■ Dataset excerpt
━━━━━━━━━━━━━━━━
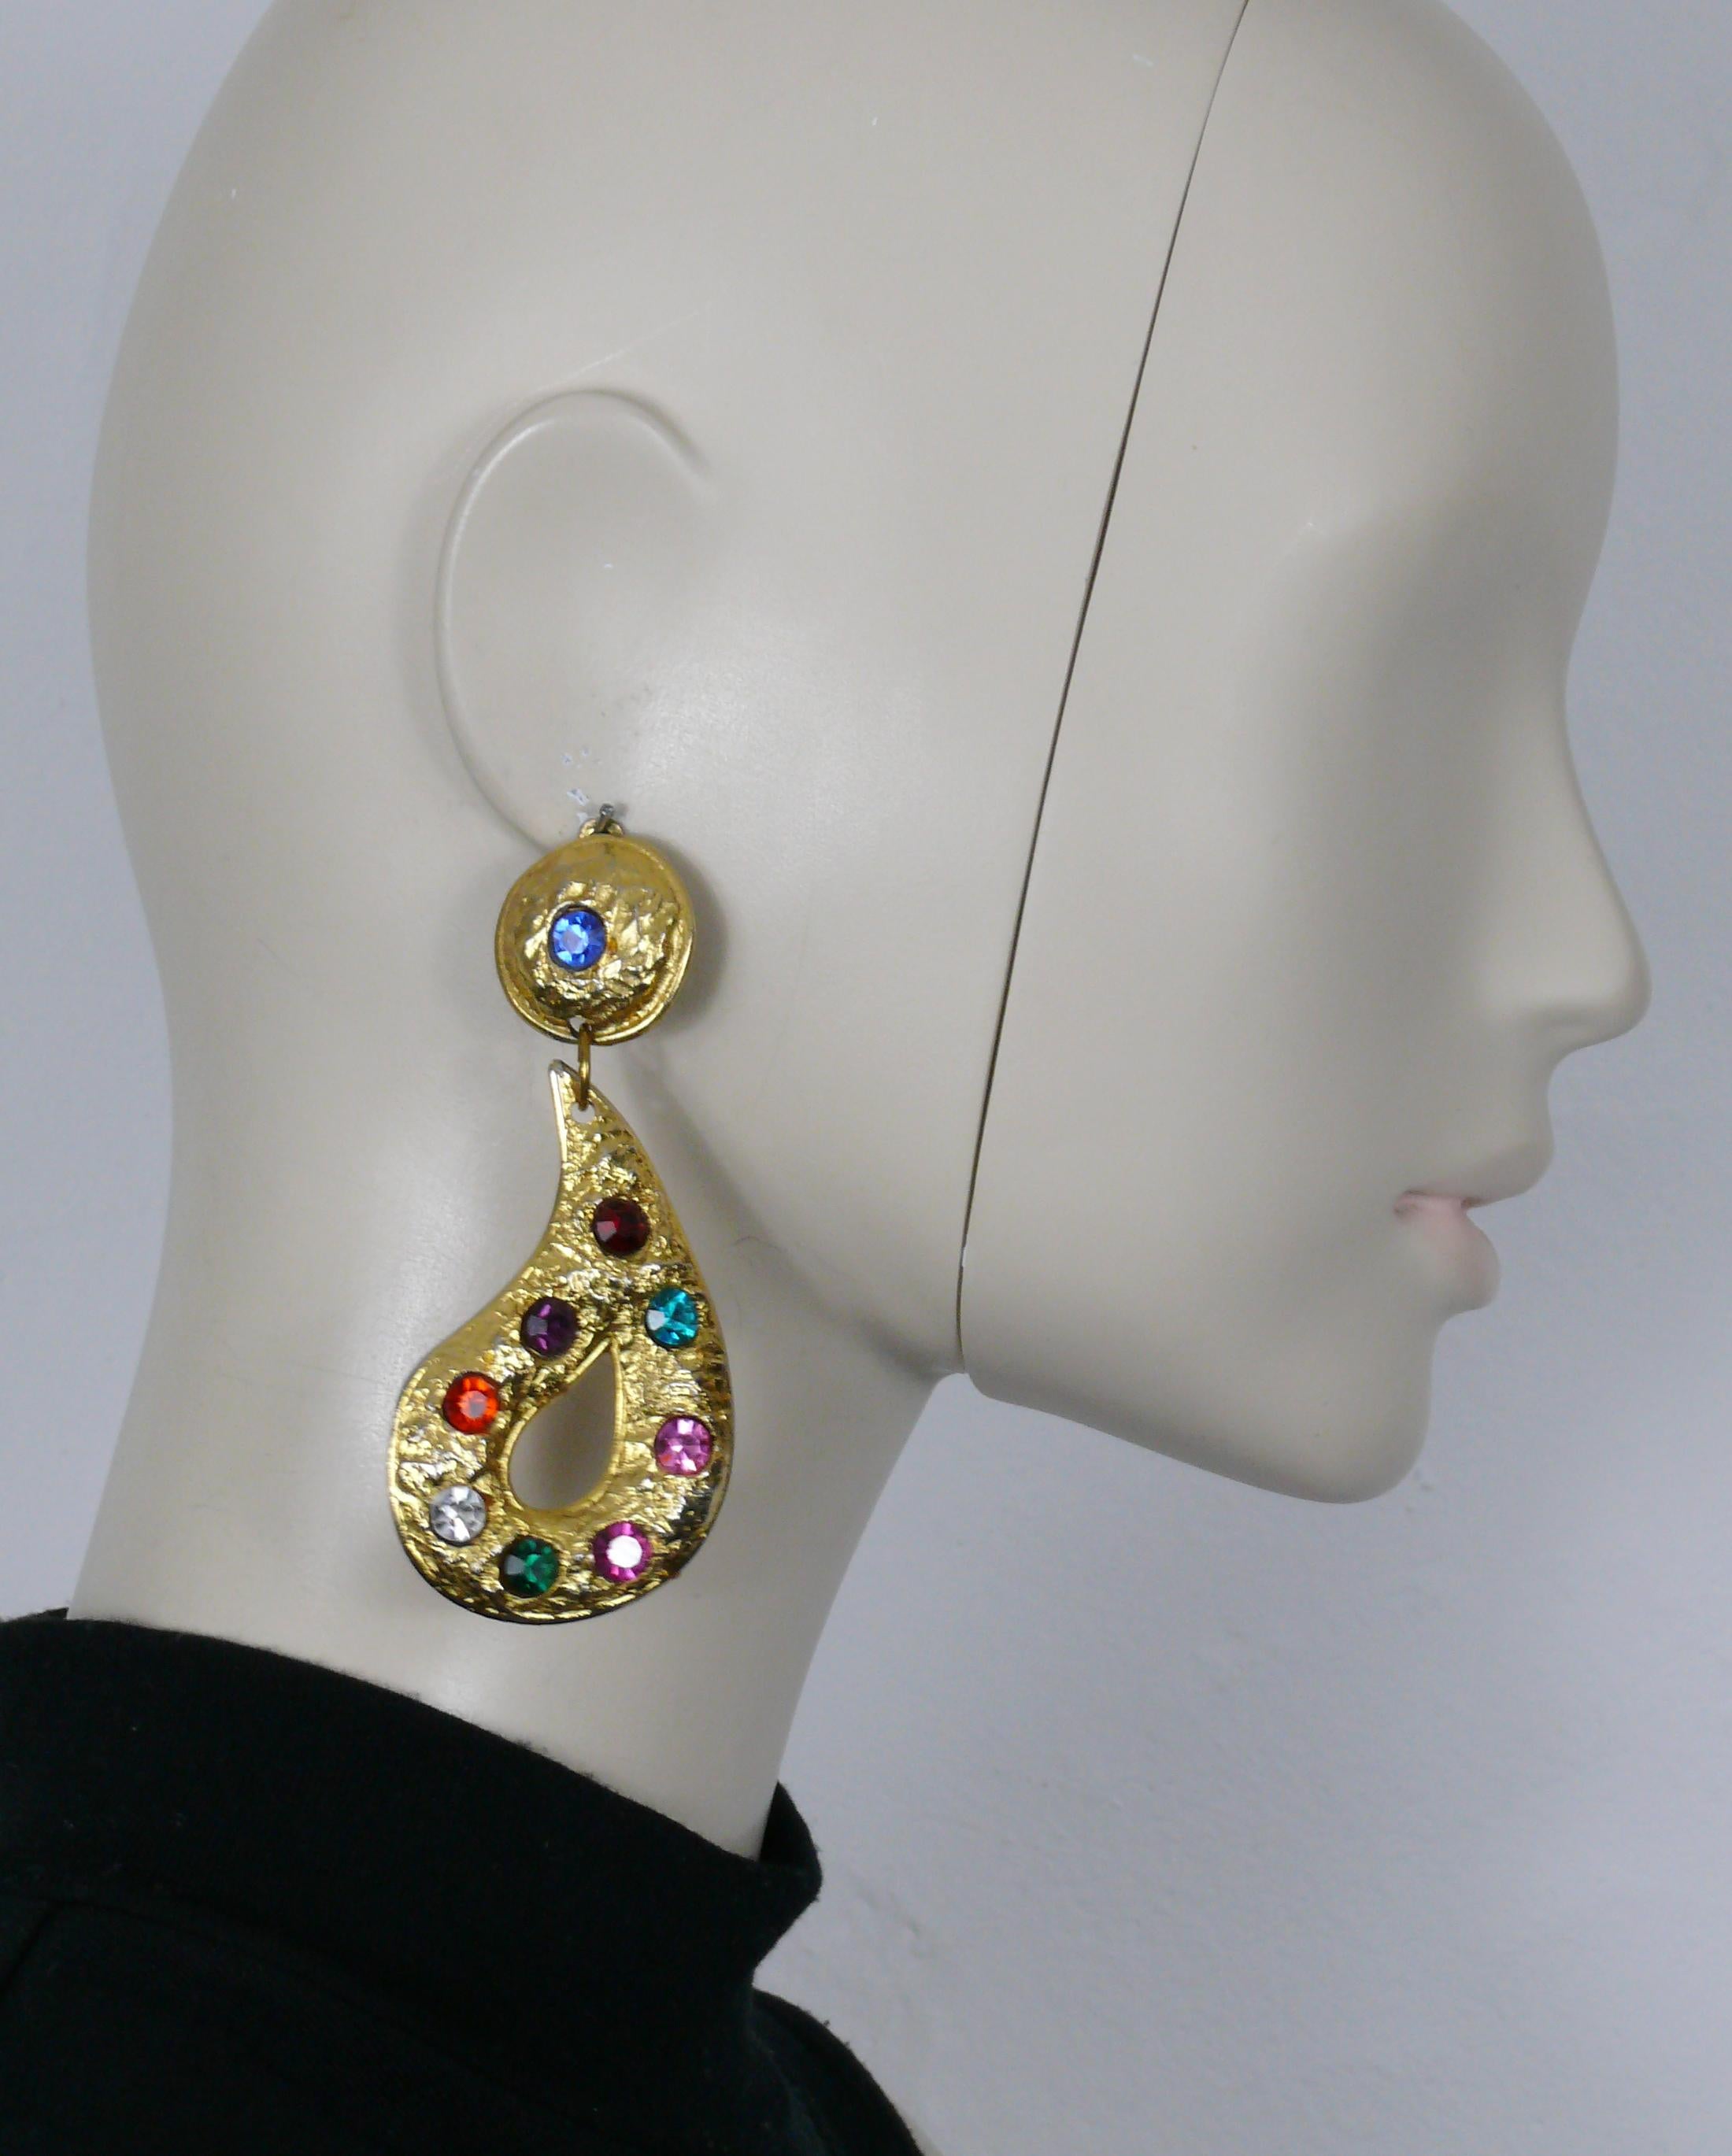 EDOUARD RAMBAUD vintage massive textured gold tone dangling earrings (clip-on) embellished with multicolor crystals.

Embossed EDOUARD RAMBAUD Paris.

Indicative measurements : max. height approx. 9.2 cm (3.62 inches) / max width approx. 4 cm (1.57
━━━━━━━━━━━━━━━━
■ Exercise directions
What you return must match, line for line, the data from the line containing "Embossed EDOUARD RAMBAUD Paris." to its end, both ends included.

■ Your response
Embossed EDOUARD RAMBAUD Paris.

Indicative measurements : max. height approx. 9.2 cm (3.62 inches) / max width approx. 4 cm (1.57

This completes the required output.